Descripción
No se puede pretender desarticular una organización criminal sin la participación de los órganos de inteligencia, que se convierten en un instrumento fundamental en las investigaciones conducidas jurídicamente por las fiscalías
especializadas. Esta obra lleva a cabo un análisis de la prueba penal derivada de la participación de los órganos de inteligencia que, en determinados supuestos, puede significar una vulneración al debido proceso y convertir las evidencias acopladas en pruebas irregulares o ilícitas. Con la finalidad de evitar esta situación, el autor analiza todos los aspectos relacionados con la prueba prohibida e irregular que pudiesen derivarse de las
actividades de inteligencia. Dentro de este contexto, el autor resalta la similitud entre las actividades de inteligencia y las técnicas especiales de investigación. Asimismo, se señalan las diferencias entre ambos procedimientos, a efectos de clarificar su utilización por parte de los operadores de justicia.

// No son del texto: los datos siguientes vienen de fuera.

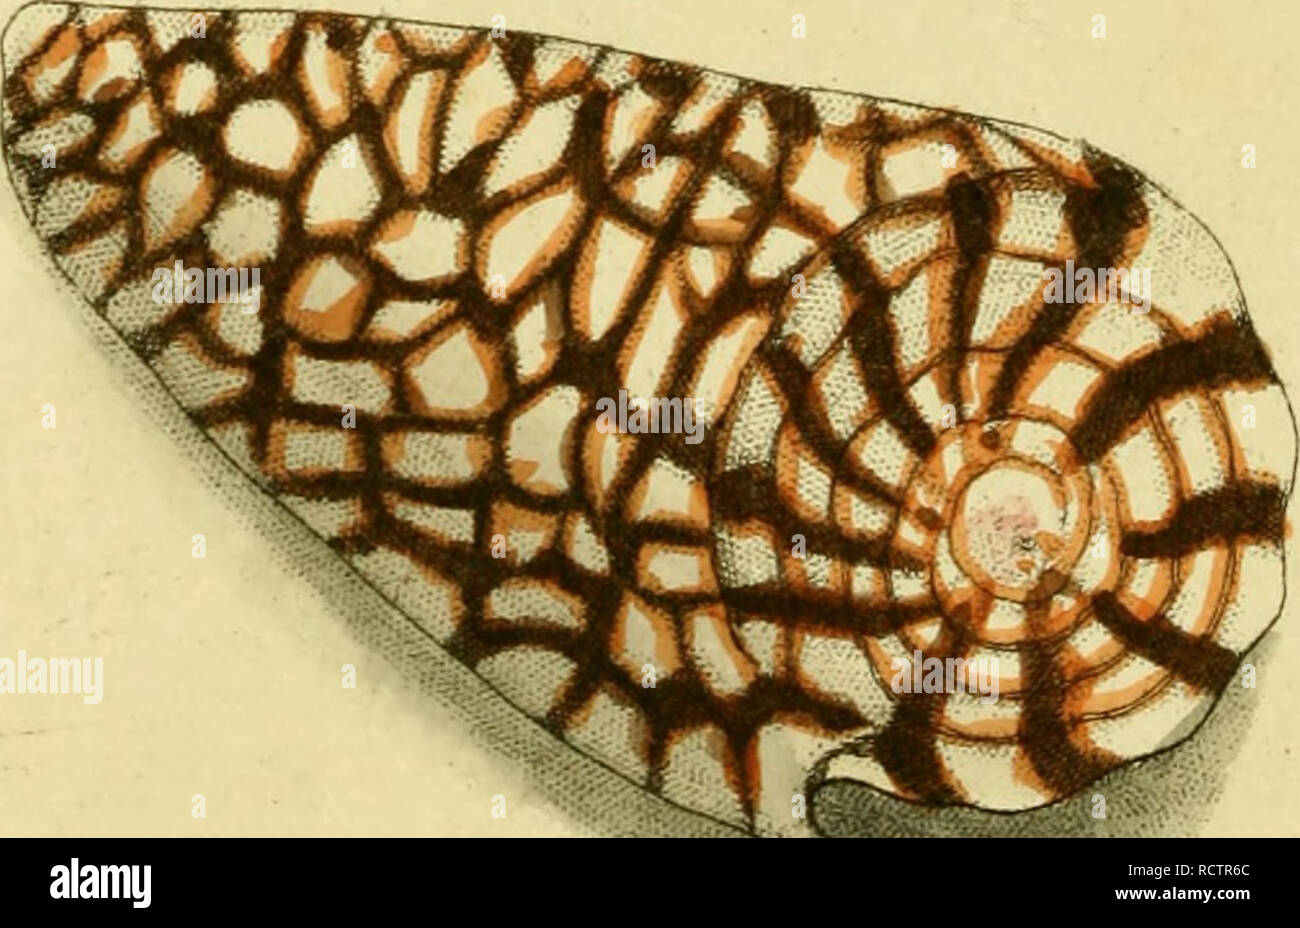 . [Descrizioni e illustrazioni di molluschi : estratte da del naturalista miscellanea. Molluschi; molluschi. '?.R -^Zmt-c^irtt, .-^^L/'lijAa^ jftiru li'iyai.tu.'-^ulAMi^ i^,AC/S.i/intfrr^lircc^.. Si prega di notare che queste immagini vengono estratte dalla pagina sottoposta a scansione di immagini che possono essere state migliorate digitalmente per la leggibilità - Colorazione e aspetto di queste illustrazioni potrebbero non perfettamente assomigliano al lavoro originale. Shaw, George, 1751-1813; Nodder, Frederick Polydore, editore; Nodder, Elizabeth, editore; dallâ, William Healey, 1845-1927, ex proprietario. DSI; Anthony, C. , ex proprietario. DSI; N Foto Stock

Para ello se desarrollan procedimientos como las operaciones encubiertas, el agente encubierto, el agente especial, la circulación y entrega vigilada de bienes delictivos, el seguimiento-vigilancia, la videovigilancia, la interceptación postal y la intervención de las comunicaciones, poniendo énfasis no solo en los principios que los sustentan, sino también en su operatividad.